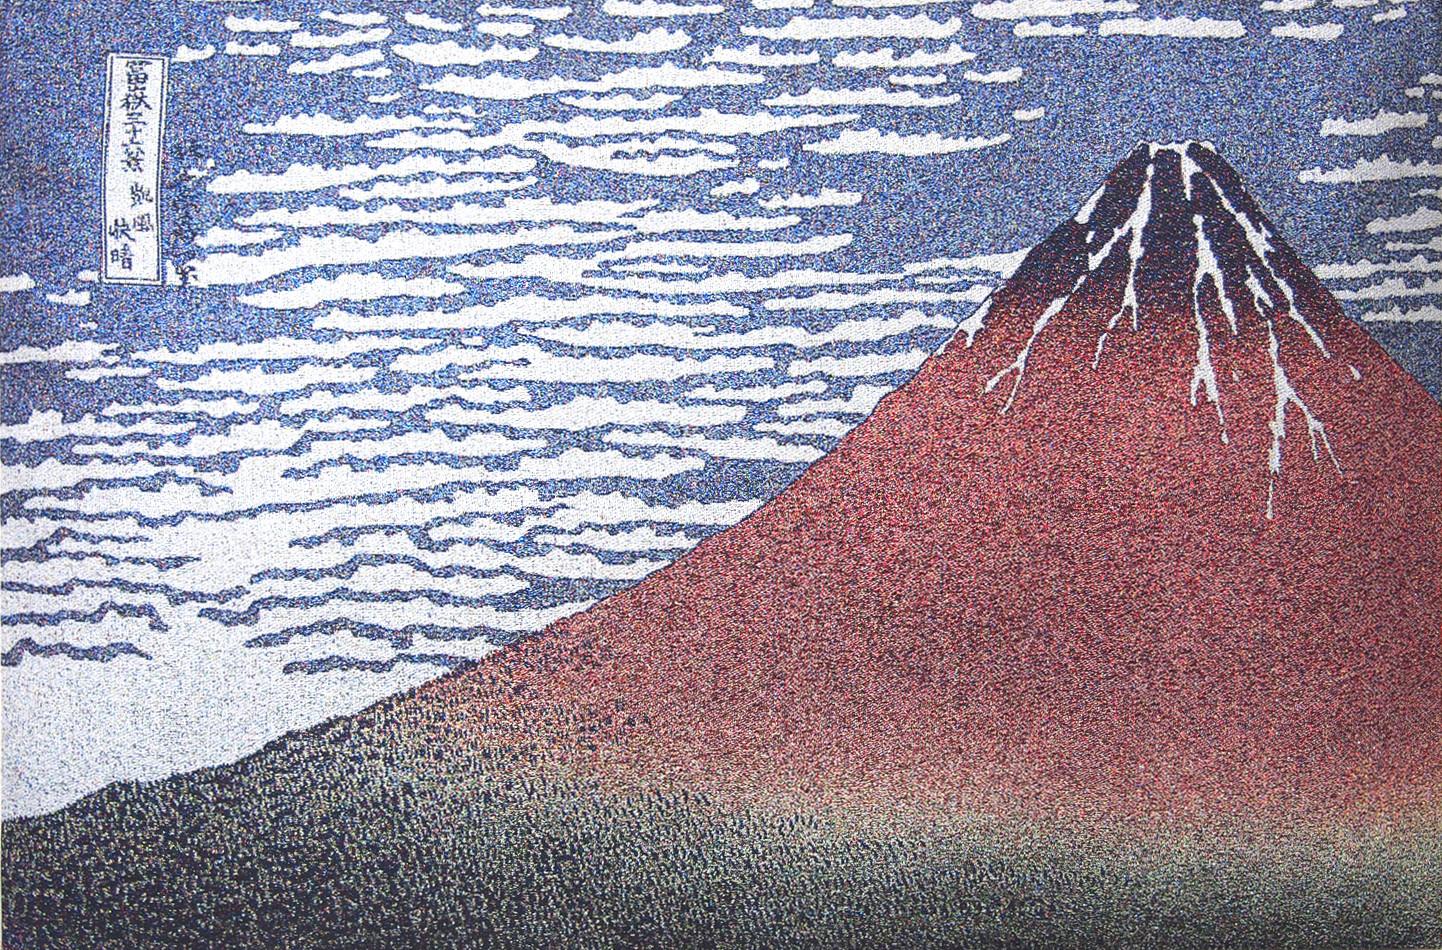 富嶽三十六景 「赤富士」noA1  w60*40
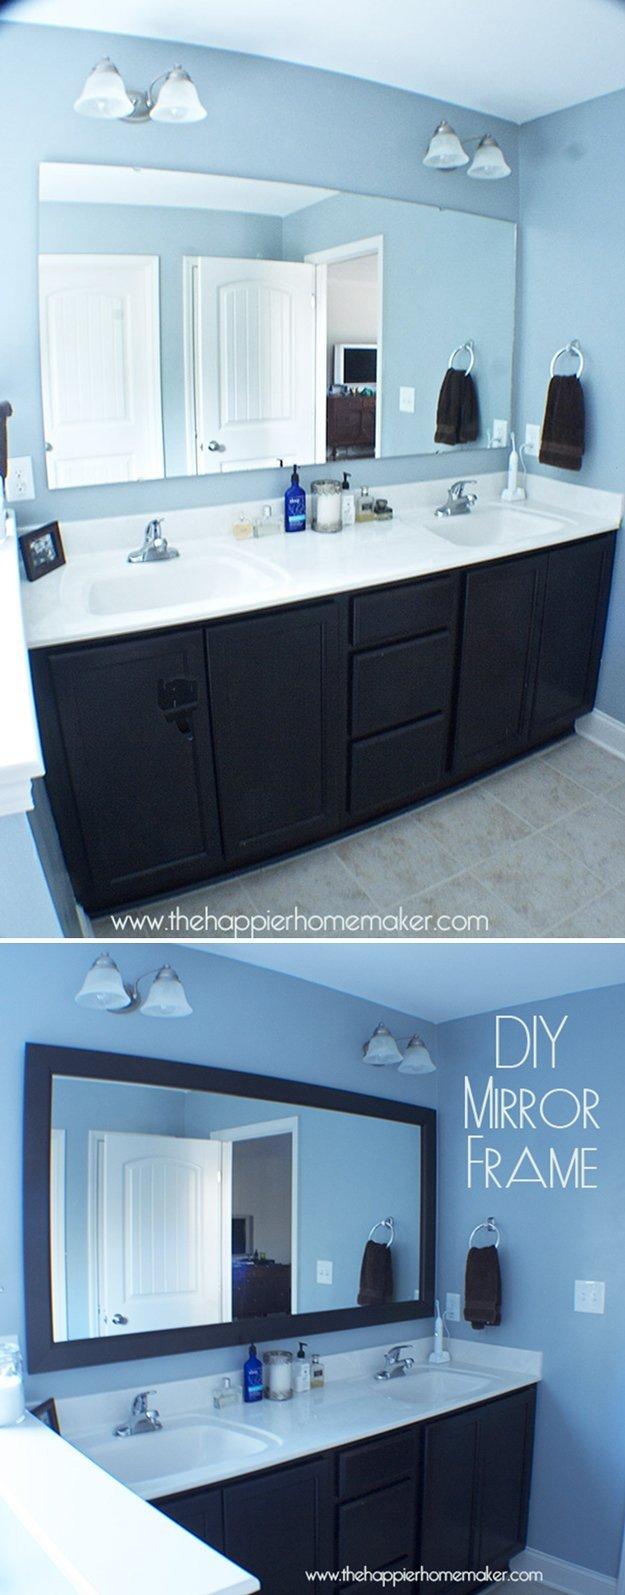 Bathroom Decor On A Budget Lovely Bathroom Decorating Ideas On A Bud Diy Ready
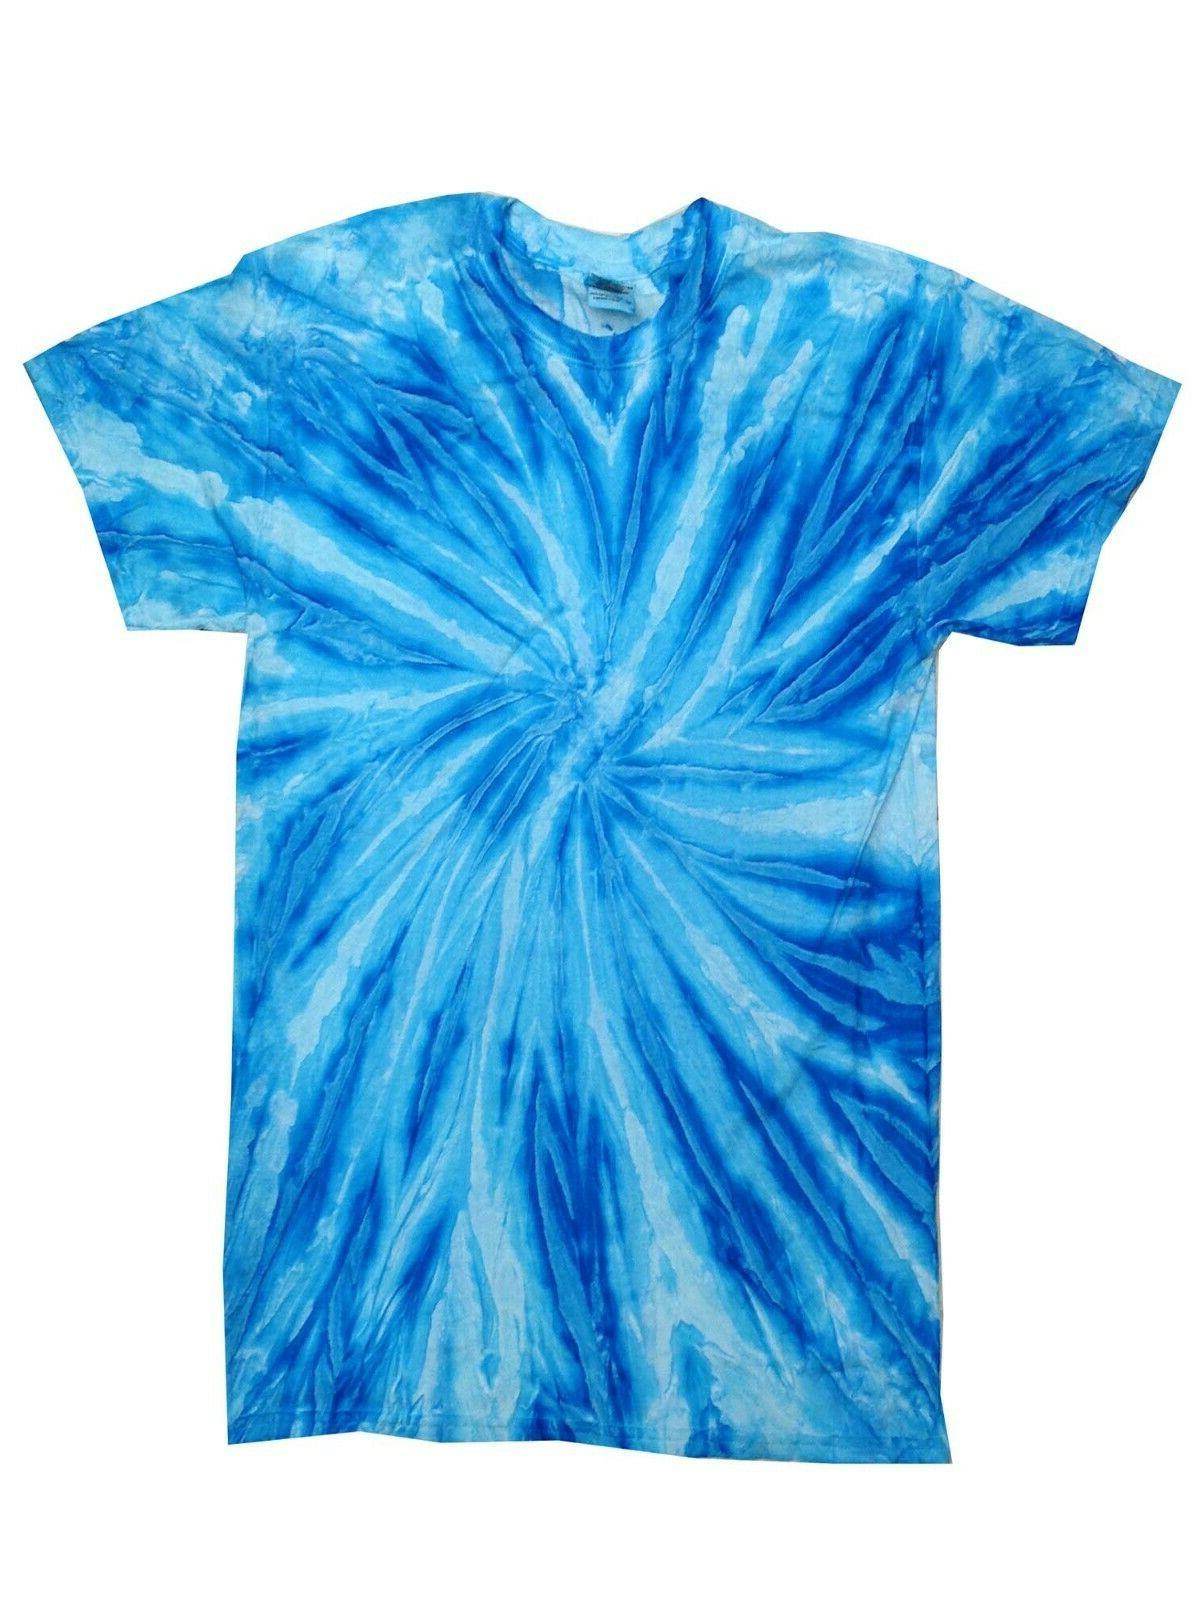 Pick a Blue Tie Dye T-Shirts M 3XL 4XL Colortone

What to work on
Output all the data above verbatim, leaving out images.

Result
 富嶽三十六景 「赤富士」noA1  w60*40
 Bathroom Decor On A Budget Lovely Bathroom Decorating Ideas On A Bud Diy Ready
 Pick a Blue Tie Dye T-Shirts M 3XL 4XL Colortone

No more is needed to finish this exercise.